Company I of the 20th Ohio was stationed in the town of Mannington, approximately 13 miles west of Fairmont along the B&O Railroad. Its commanding officer, Capt. David F. Cable, had received several reports from “persons of the highest respectability” that a group of rebels were camped at Coon’s Creek (or Coon Run) and assembled for drill at the residence of a man named Peter Baker Righter, a well-known secessionist, near the Marion/Harrison County line.
Peter B. Righter and John Righter lived on either side of Coon Run in what is today the community of Francis, two miles east of West Fork River and the town of Enterprise in Marion County. Peter B. Righter was a wealthy farmer, and his son John would become a Confederate captain commanding Company No. 4 of the Virginia State Rangers in 1862 (he later commanded Company D, 19th Virginia Cavalry in 1863). But in that early summer of 1861, his troop was an ill-trained local militia.
On June 20th, Capt. Cable took a detachment of 27 men to Shinnston, approximately 13.5 miles south of Fairmont along the West Fork River in Harrison County. There they found several local guides to lead them to Righter’s farm. Cable left ten men in Shinnston as a guard and apparently rejected assistance from the local Unionist Home Guard. At around 3am on the morning of Friday, June 21st, Capt. Cable, 17 of his men, and two or three locals arrived at Righter’s House.

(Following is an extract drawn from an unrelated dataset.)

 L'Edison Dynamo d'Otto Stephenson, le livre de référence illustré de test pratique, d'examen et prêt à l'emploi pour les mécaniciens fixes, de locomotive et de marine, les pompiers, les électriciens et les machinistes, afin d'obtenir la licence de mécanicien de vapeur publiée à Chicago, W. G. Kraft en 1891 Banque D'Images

A guide approached the house and encountered a man on guard duty. Both returned to their respective sides and reported what they had seen. Capt. Cable arrayed his men in a semi-circle around the house and knocked on the door. Someone blew a horn, and firing erupted from the house and a nearby orchard. Several, including a local guide, John Nay, were wounded. Cable ordered his men to withdraw to a nearby house where he sent for reinforcements.

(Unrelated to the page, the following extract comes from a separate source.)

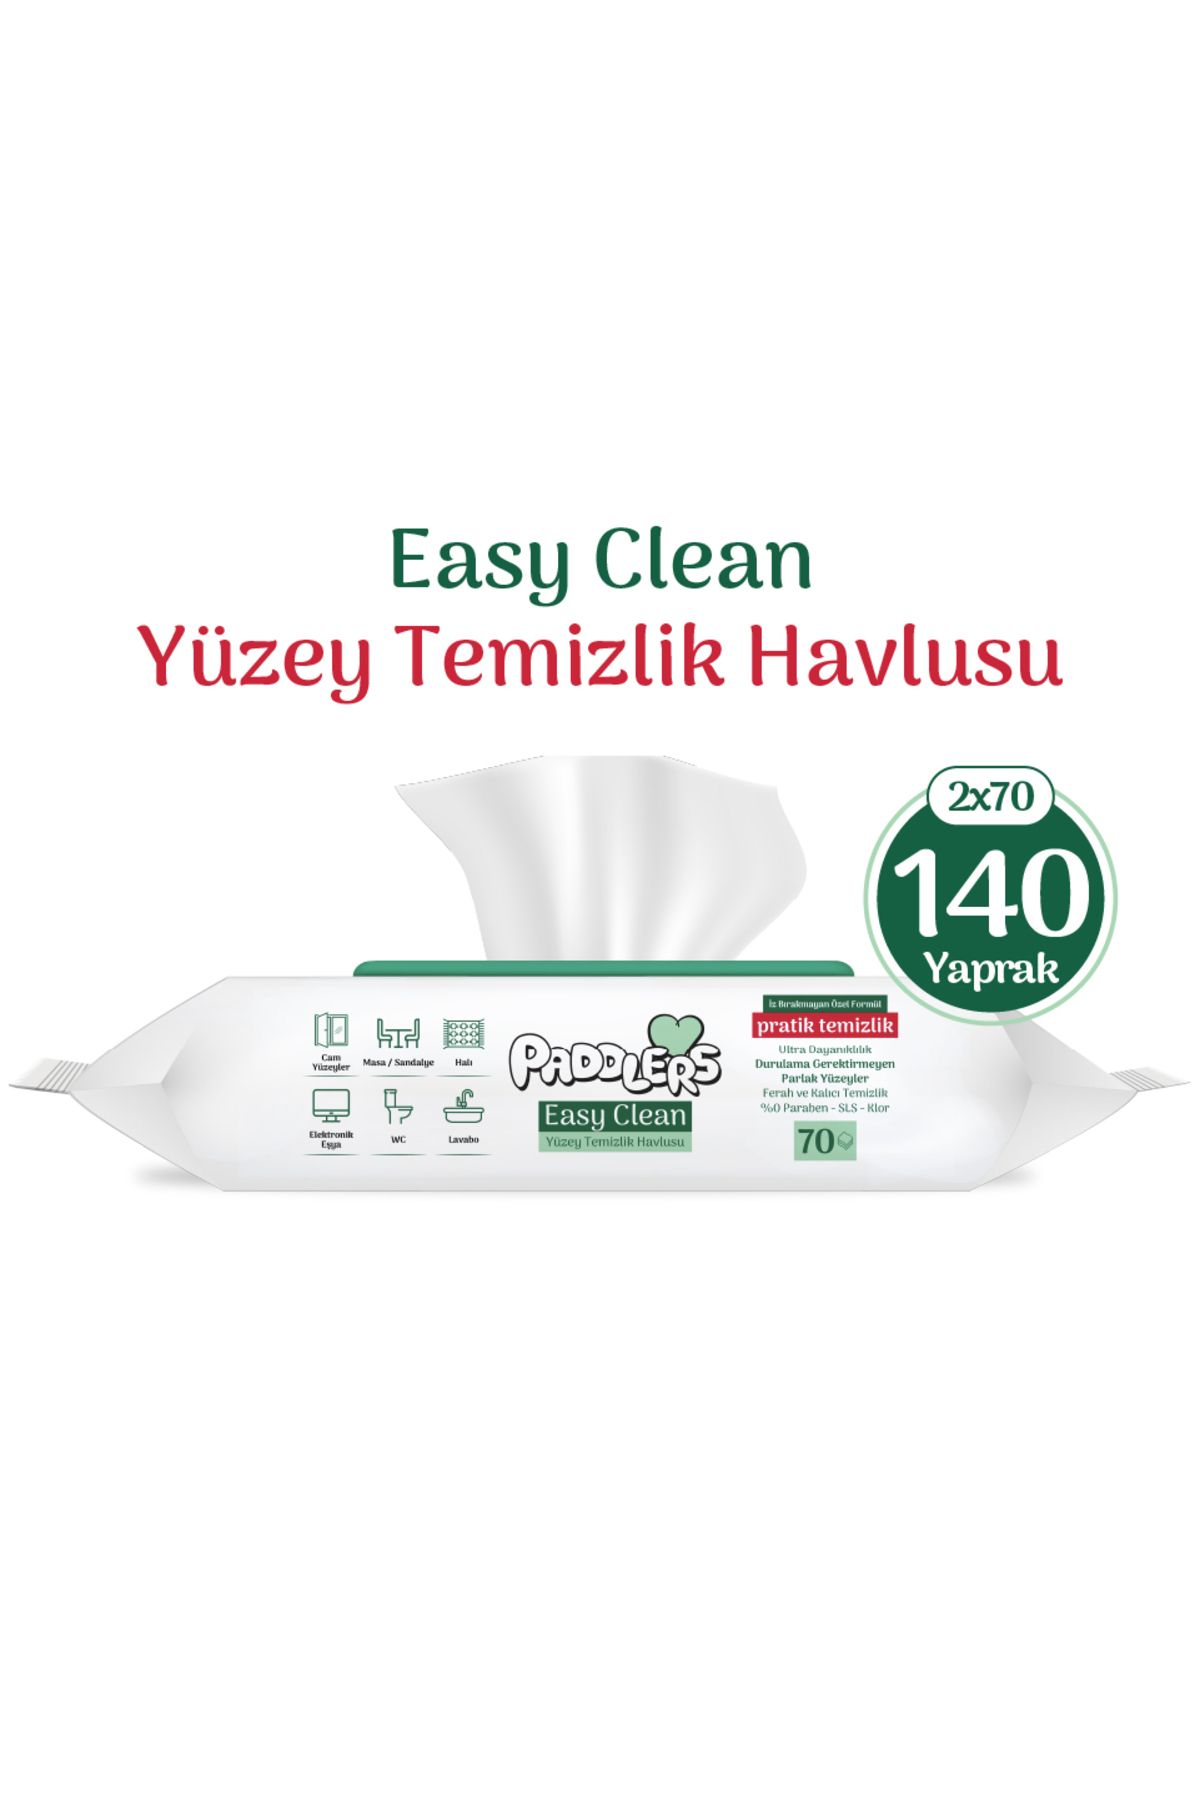 Paddlers Easy Clean Beyaz Sabun Katkılı Yüzey temizlik Havlusu 2x70 (140 Yaprak)

In a letter to the Wheeling Intelligencer, Capt. Cable said four of his men were severely wounded, and they killed four of the enemy and wounded six. He took seven prisoners. One of the prisoners, Banks Corbett (or Corban) was shot and killed trying to escape. When they returned to Righter’s House at daylight, it was abandoned. The Union soldiers confiscated anything of military value, then set fire to the house.
Like many early skirmishes, newspaper reports of the Action at Righter’s House were exaggerated and full of hearsay and inaccuracies. It was just one of many tragedies to play out in northwestern Virginia as neighbor turned against neighbor.